There are two main issues with alloca: first you cannot deallocate or reallocate the memory, you just append more data to your frame. As a consequence, it is not suitable for dynamic allocations while the t_stack is.
The second drawback is that alloca allocates on the stack, as a consequence it is limited by the size of the stack (a few megabytes on recent linux distribution, and the actual size of remaining stack depends on the callstack, since each frame consumes some stack and may have put huge buffers/alloca on it already). The t_stack has no hard-limit.
Additionally, by being totally separated from the stack, the t_stack provides a flexible alternative to the stack: you have finer-grained control on allocation/deallocation patterns.
As said in another comment, the drawbacks of alloca are explained in the previous article of the series.
In fact, I was thinking of alloca the whole article and I really don't see the benefits of implementing a "custom solution" in detriment of a well working existing one.
It would be great to compare the results they give against alloca =)
Really interesting and well written, thanks for that. If you wrote some more about heap allocation strategies (best-fit, worst-fit, first-fit, etc.) to round out the discussion I'd love to read that as well, especially if you add varying allocation sizes to your benchmark.

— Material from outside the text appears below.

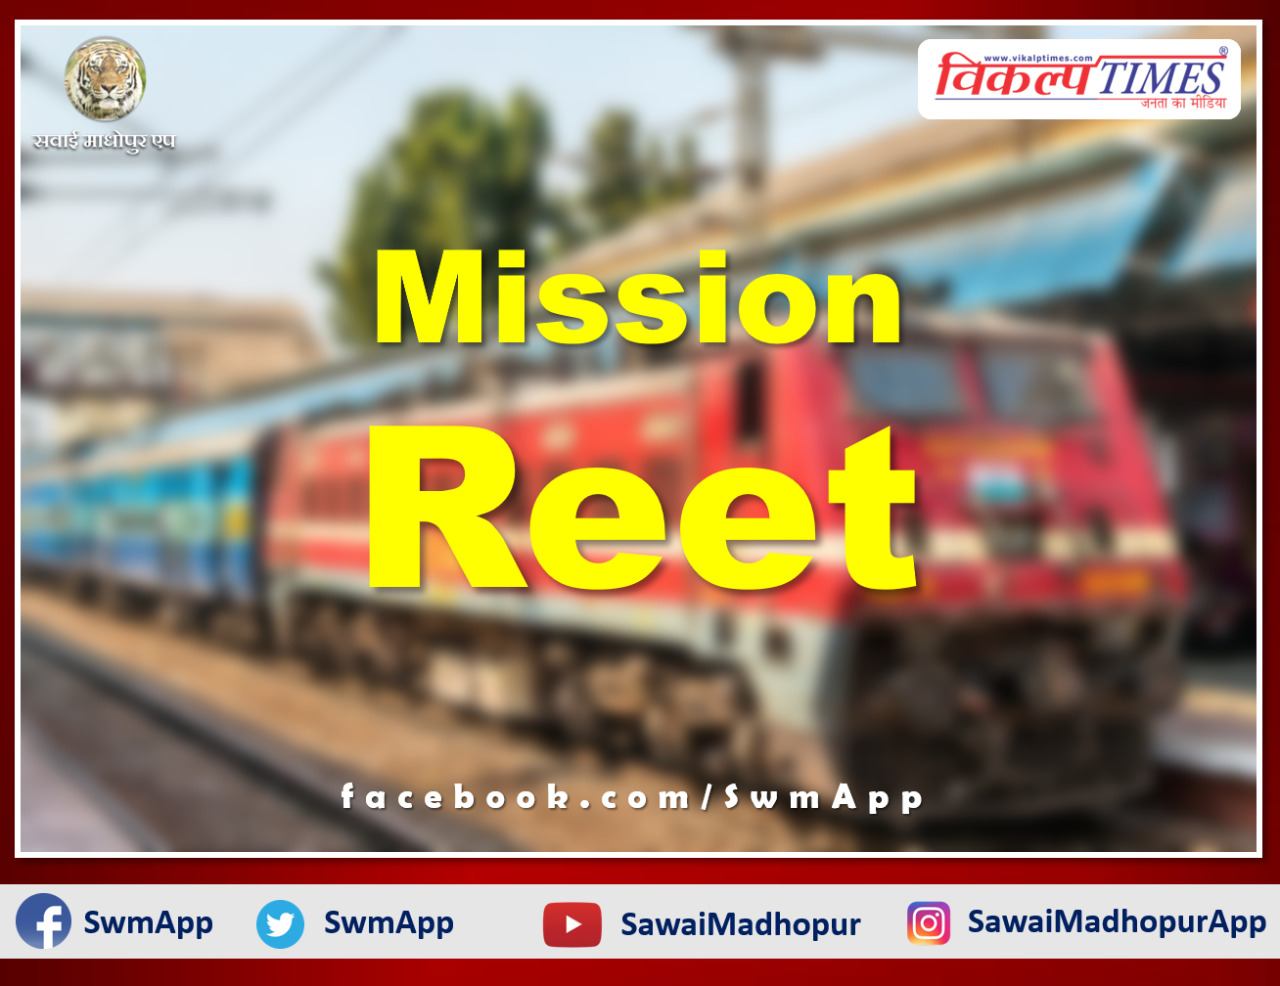 Exam special train will run between Bhopal-Ajmer-Bhopal

Older allocators with per-thread caches used to behave very badly with cross-thread frees, accumulating tons of freed objects in threads that didn't necessarily allocate a lot of objects. Tcmalloc uses a garbage collection process to move those objects back to the central free list.
The test in the article, where one thread does all the allocations and another does all the frees, basically subverts the thread-caching in tcmalloc, and just tests how quickly the garbage collection process can move freed objects from the free()-thread's cache back to the central heap where they can be reused by the malloc()-thread.